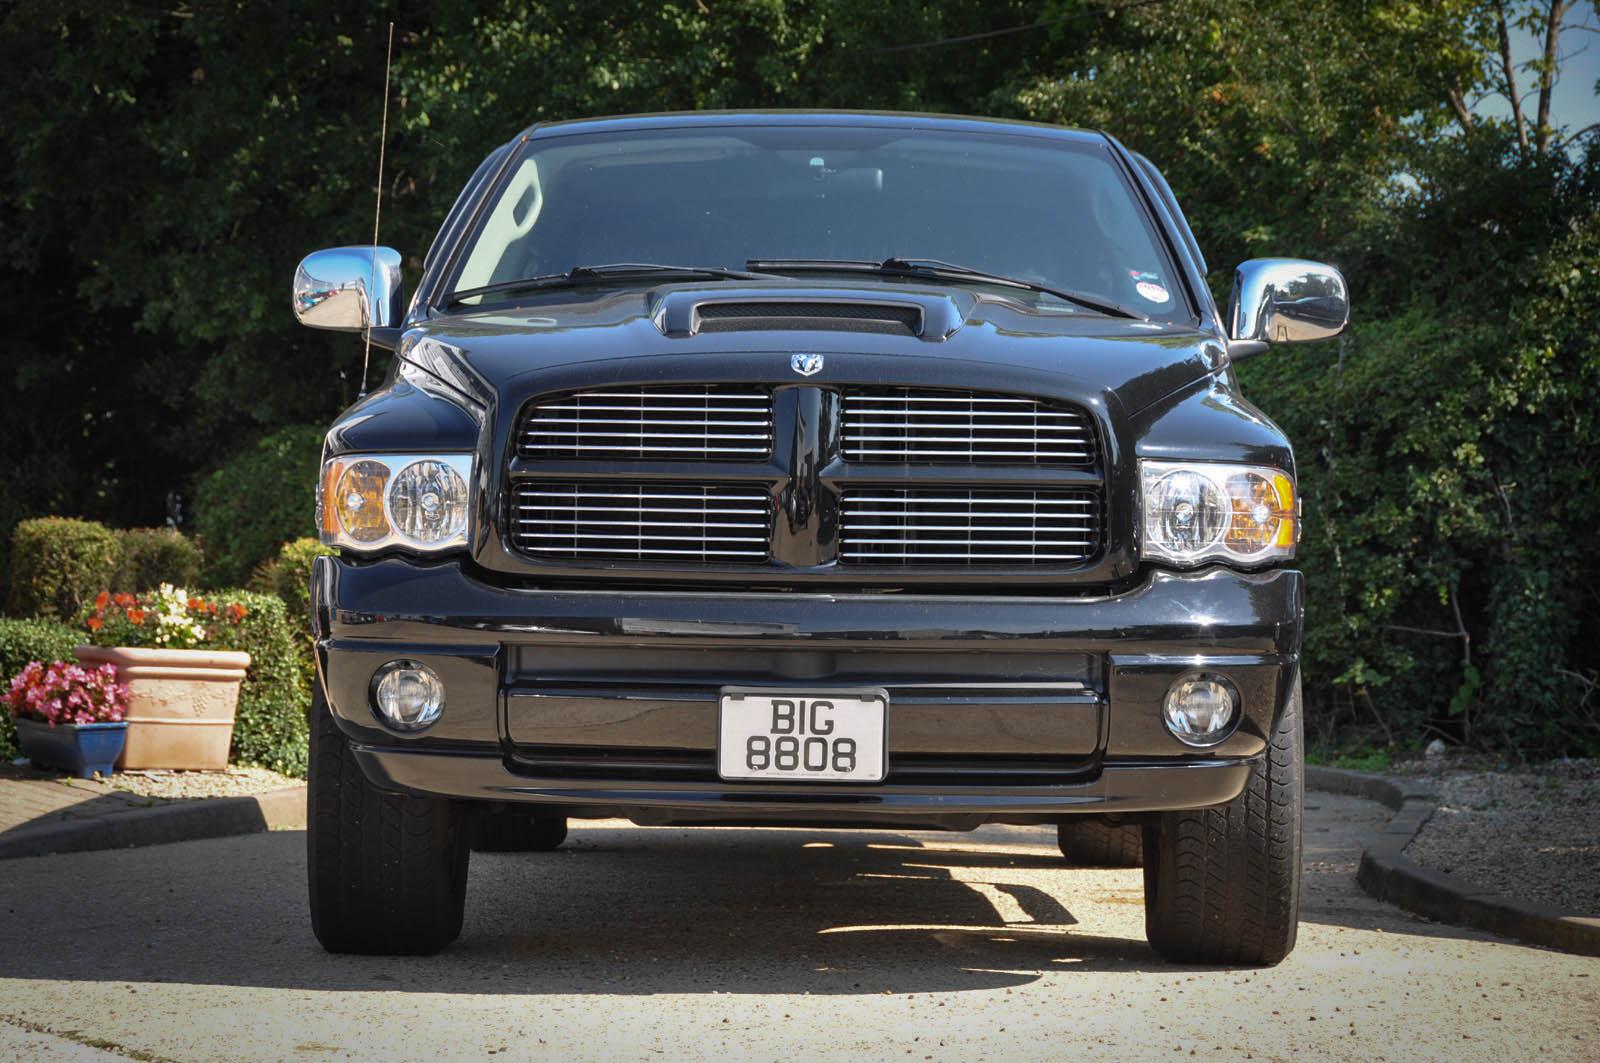 2005 05 Dodge Ram 1500 Quad Cab 4 215 4 Just 28 000 Miles
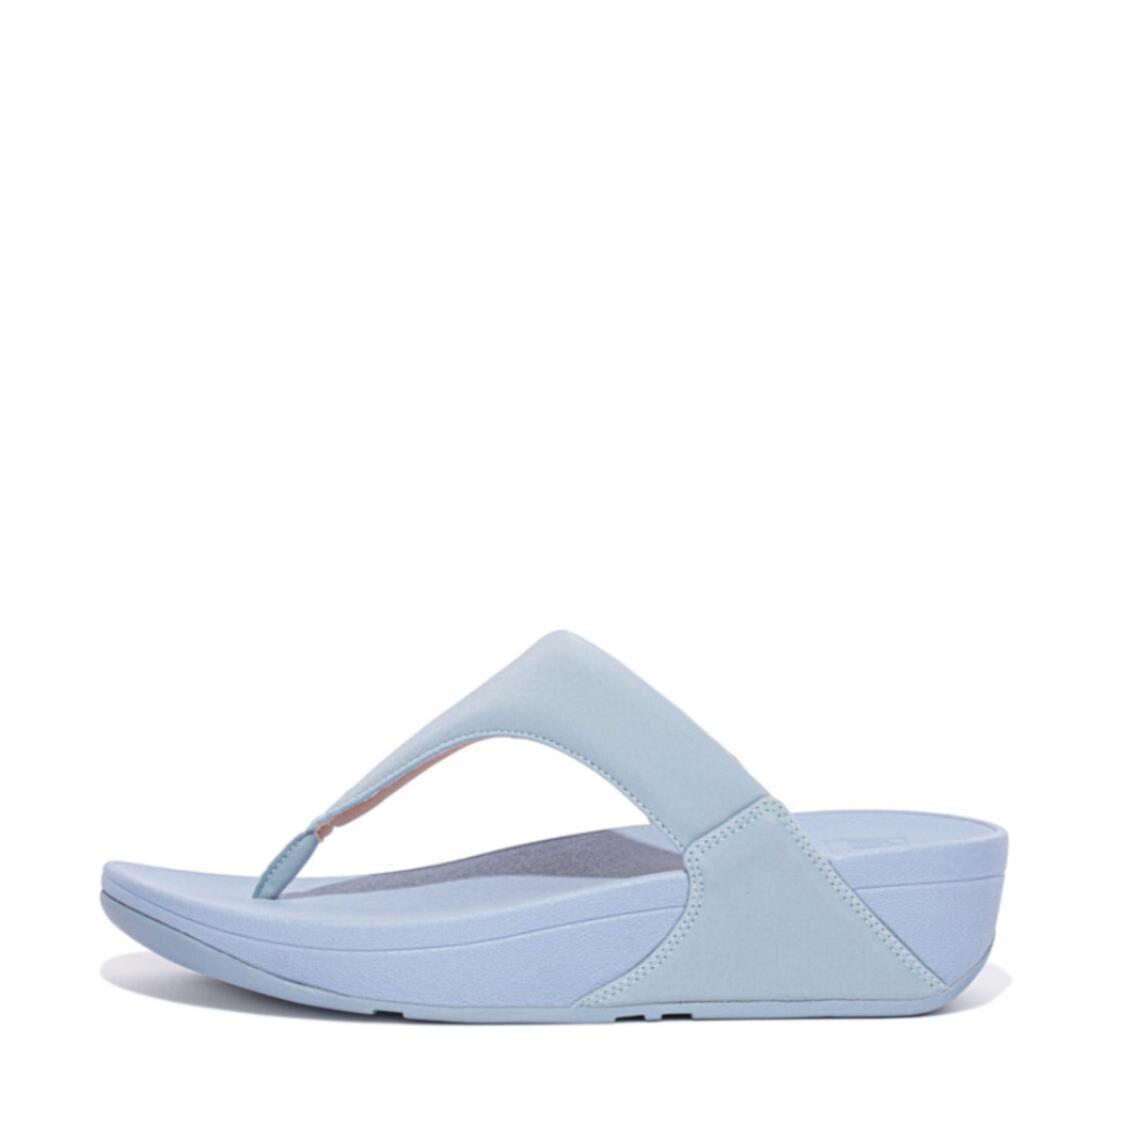 Fitflop Lulu Toe-post Sandals Pale BlueBeige EE4-896
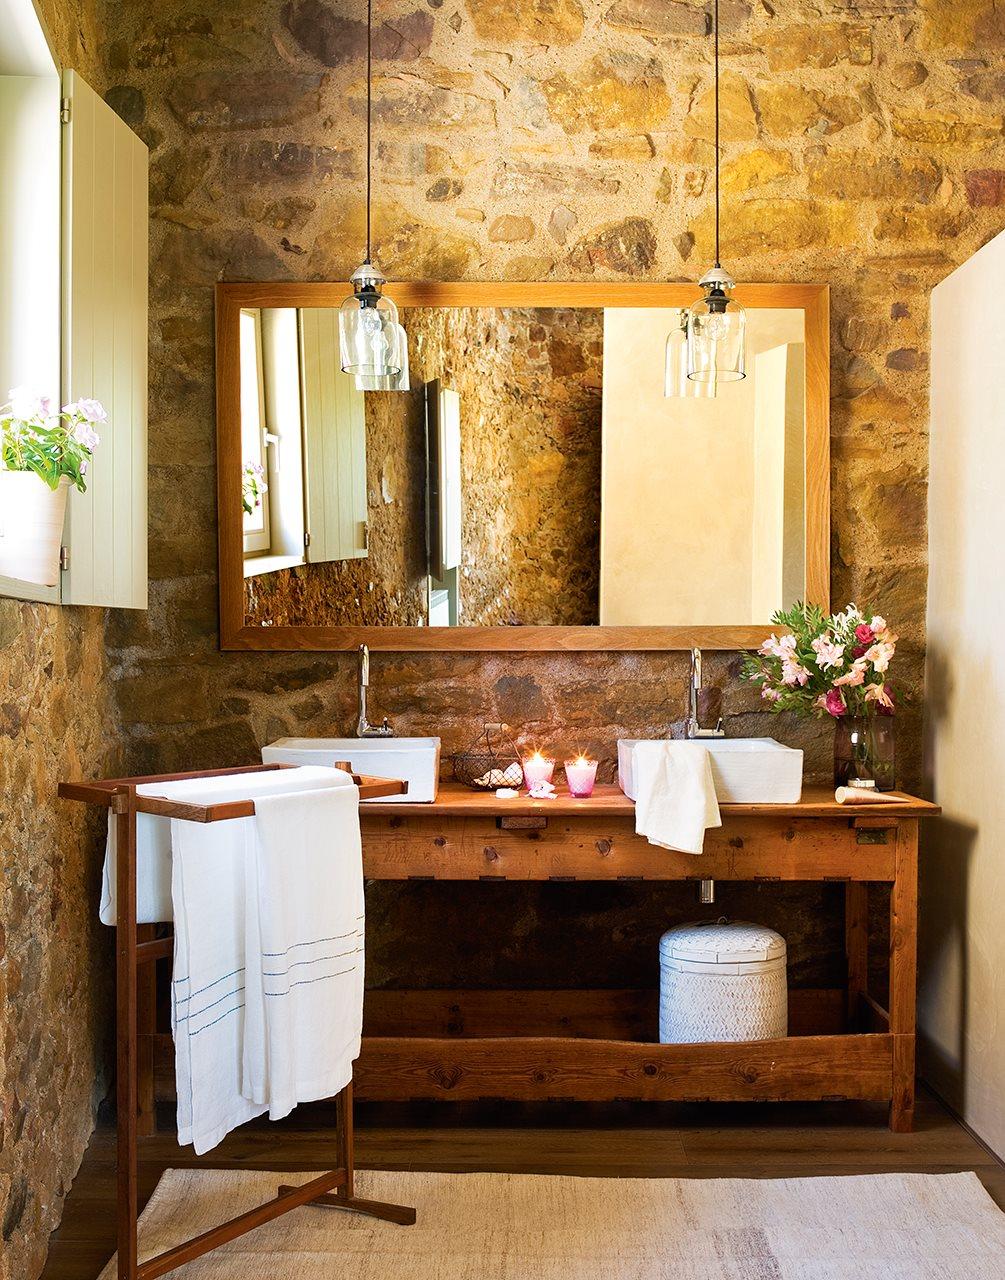 928 - De antiguo pajar a una casa con verdadero encanto en la costa del Ampurdán (Girona)
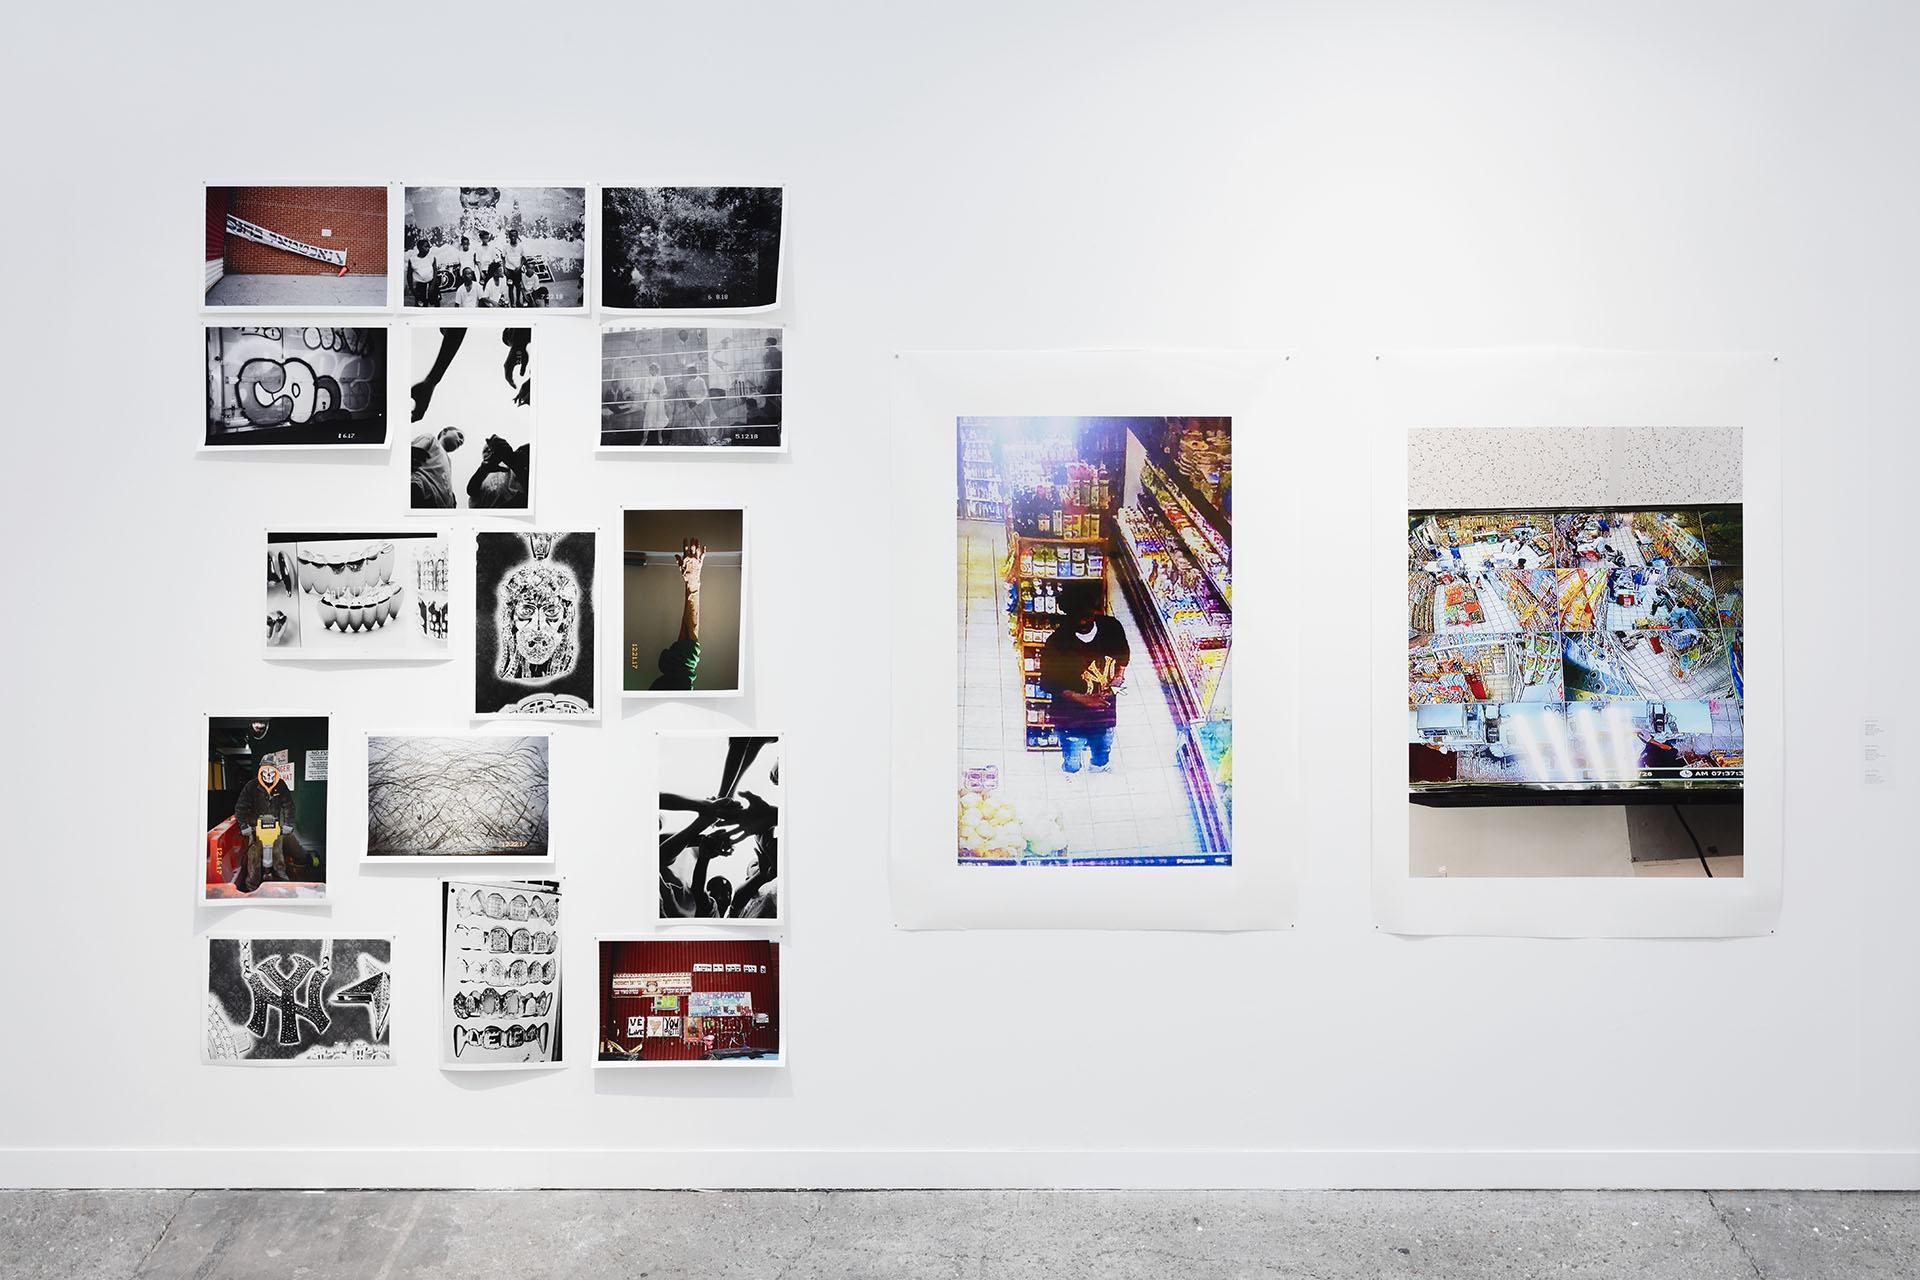 Vue du stand de la galerie Frank Elbaz qui accueille le solo show d'Ari Marcopoulos.

========

> _Exercise details_
Copy the whole listing exactly, excluding the pictures in it.

> _Reply to the exercise_
 2005 05 Dodge Ram 1500 Quad Cab 4 215 4 Just 28 000 Miles
 Fitflop Lulu Toe-post Sandals Pale BlueBeige EE4-896
 928 - De antiguo pajar a una casa con verdadero encanto en la costa del Ampurdán (Girona)
 Vue du stand de la galerie Frank Elbaz qui accueille le solo show d'Ari Marcopoulos.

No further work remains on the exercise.